For the past number of years, to my absolute delight, we’ve successfully grown deliciously, sweet tomatoes in our tunnel. They are never nicer than when simply sprinkled with a little sea salt, but when I’m faced with a glut of them I tend to use the tomatoes in recipes where I would normally use the tinned variety. A sausage and bean stew is so easy to throw together, on a busy evening, and the results are always so tasty. As much as I’m a fan of bringing a dinner together from whatever is in the press, using fresh tomatoes in this recipe really turns it into something special. This tasty stew pairs perfectly with pasta, but when serving on a warm summer’s evening, I like to serve it with a simple salad and lots of crusty bread.

Sausage & Bean Stew 
Serves 4 

454g good quality sausages 
1 tin cannelloni beans 
650g cherry tomatoes or 2 tins of cherry tomatoes 
1 onion, roughly diced 
1 yellow pepper, cut into strips 
4 cloves garlic, peeled and roughly chopped 
1tsp smoked paprika 
1tsp sugar 
1tbsp balsamic vinegar 
1 tbsp olive oil 
Sea salt and freshly ground pepper 

To serve 
Crusty bread 
Green salad


  1. Preheat the oven to 200°C/fan 180°c/gas 6. 
  2. To a large roasting tin, add the sausages, beans, tomatoes, onion, pepper and garlic. Sprinkle over the smoked paprika and the sugar. Drizzle over the balsamic vinegar and olive oil and season with a little salt and a few twists of black pepper. 
  3. Combine all the ingredients well and position the sausages on top of the tomato mix.
  4. Place in the preheated oven and cook for 25 minutes. After this time take out the tray and give the contents a good mix, squashing a few of the cherry tomatoes. Place back into the oven for a further 15 minutes. 
  5. Take from the oven and serve straight away with a green salad and some crusty bread.

Once the summer holidays are here my kids think daily ice-pops are obligatory. In a bid not to spend a small fortune on summer ice-creams, I like, when time prevails, to keep a stash of the homemade variety in the freezer. Ice-pops are ever so easy to make. If you haven’t the little ice-pops moulds, a disposable cup and an old, clean, lollypop stick will give the same result. Throughout the summer months the boys and Millie tend to take over at least one shelf of my freezer, and pack in their own homemade ice-pops. These are normally made with simply water and a drop of cordial. They’re a real novelty for the hot days, and I’m always glad the children are getting an extra bit of hydration. At the moment, I’ve an abundance of strawberries in the tunnel, so a few handfuls are often used to make these strawberry yogurt pops. They're made in minutes, taste great and they're considerably more nutritious than a shop-bought variety.
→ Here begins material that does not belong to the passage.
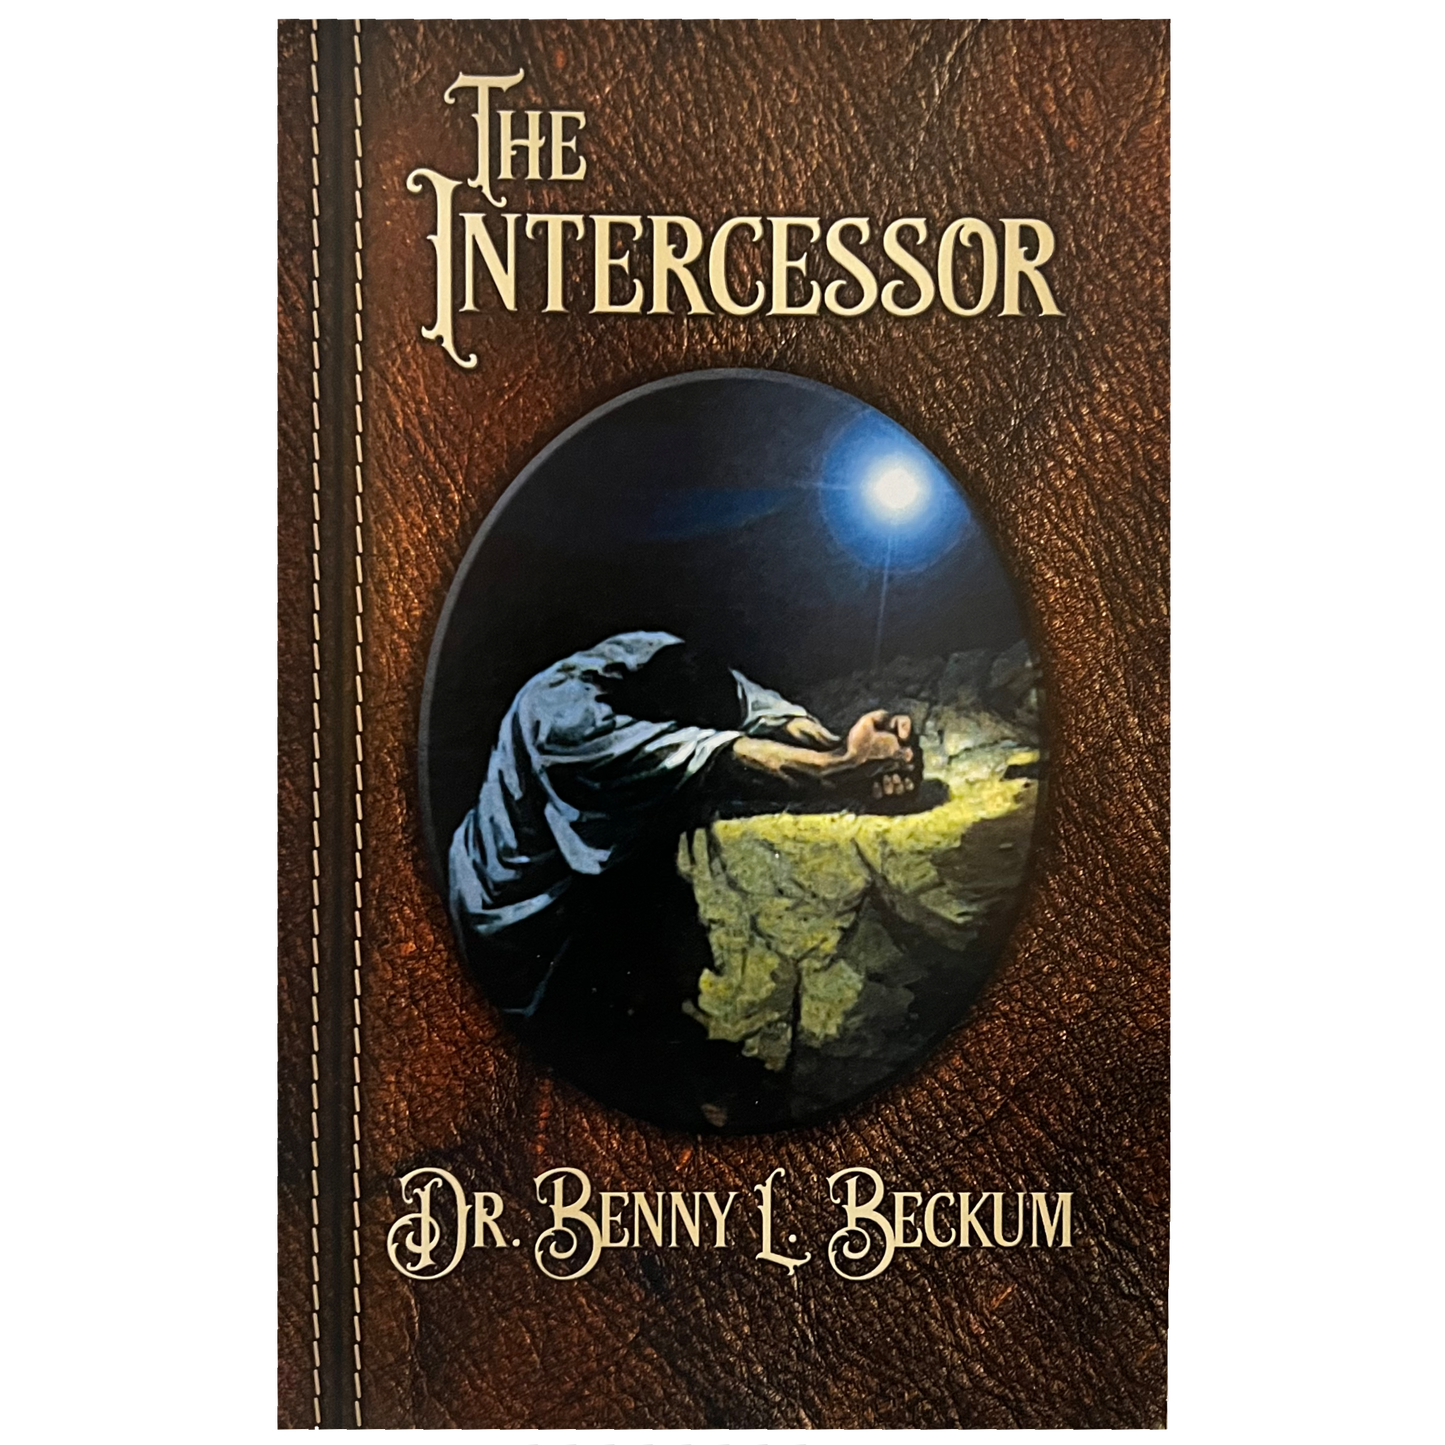 The Intercessor

Super Simple Strawberry Ice-Pops 
Makes approx 6 pops 

200g strawberries 
50g icing sugar 
200g Greek yogurt 
1 tsp vanilla extract 


  1. Using a blender, blitz the strawberries and icing sugar until smooth. Add the Greek yogurt and vanilla extract and blitz until combined. 
  2. Divide the mixture between six ice-pop moulds. Freeze for at least 4 hours, or preferably overnight, when the pops will become solid.

At the age of ten, I had a life-changing (for a ten year old anyway) talk with a lorry driver. A herd of cattle, many of whom I was rather fond of, were being transported away from our farm. As I always imagined, like many before them, they were about to embark on a trip to a nice farm in another town. However, to my horror, this lorry driver disclosed to me that there was no farm or happily ever after at their final destination. Now, I did realise where meat actually came from, however I somehow never considered my beautiful bovine friends were amongst those destined for someone's dinner table. I cried for hours that day and the only consolation I could give myself was that never again would I eat meat. That evening, I declared myself to be a vegetarian. I was rather proud of myself, but it was a decision which left my mother with a bit of a dilemma. In 1980's Ireland, dinner options were few and far between when meat wasn't taking the leading role on the dinner plate. I had always been an avid mushroom fan, but their versatility really took charge when my mother needed some dinner inspiration for a fussy pre-teen. From mushroom omelettes to mushroom vol-au-vents (posh nosh in the eighties), mushrooms became a reliable stable in my house. To this day, I still embrace all the goodness of the simple mushroom. My weekly shop wouldn't be complete without a sufficient supply in my trolley. And even though I'm not dealing with any cow-loving vegetarians, many of our weekly dishes happen to be meat-free, and the addition of mushrooms always add a certain amount of cost-efficient meatiness. Mushrooms are rich in vitamins, a good source of protein and a portion of mushrooms also count as one of our 5-a-day, so they really are a champion ingredient to be celebrated all year round.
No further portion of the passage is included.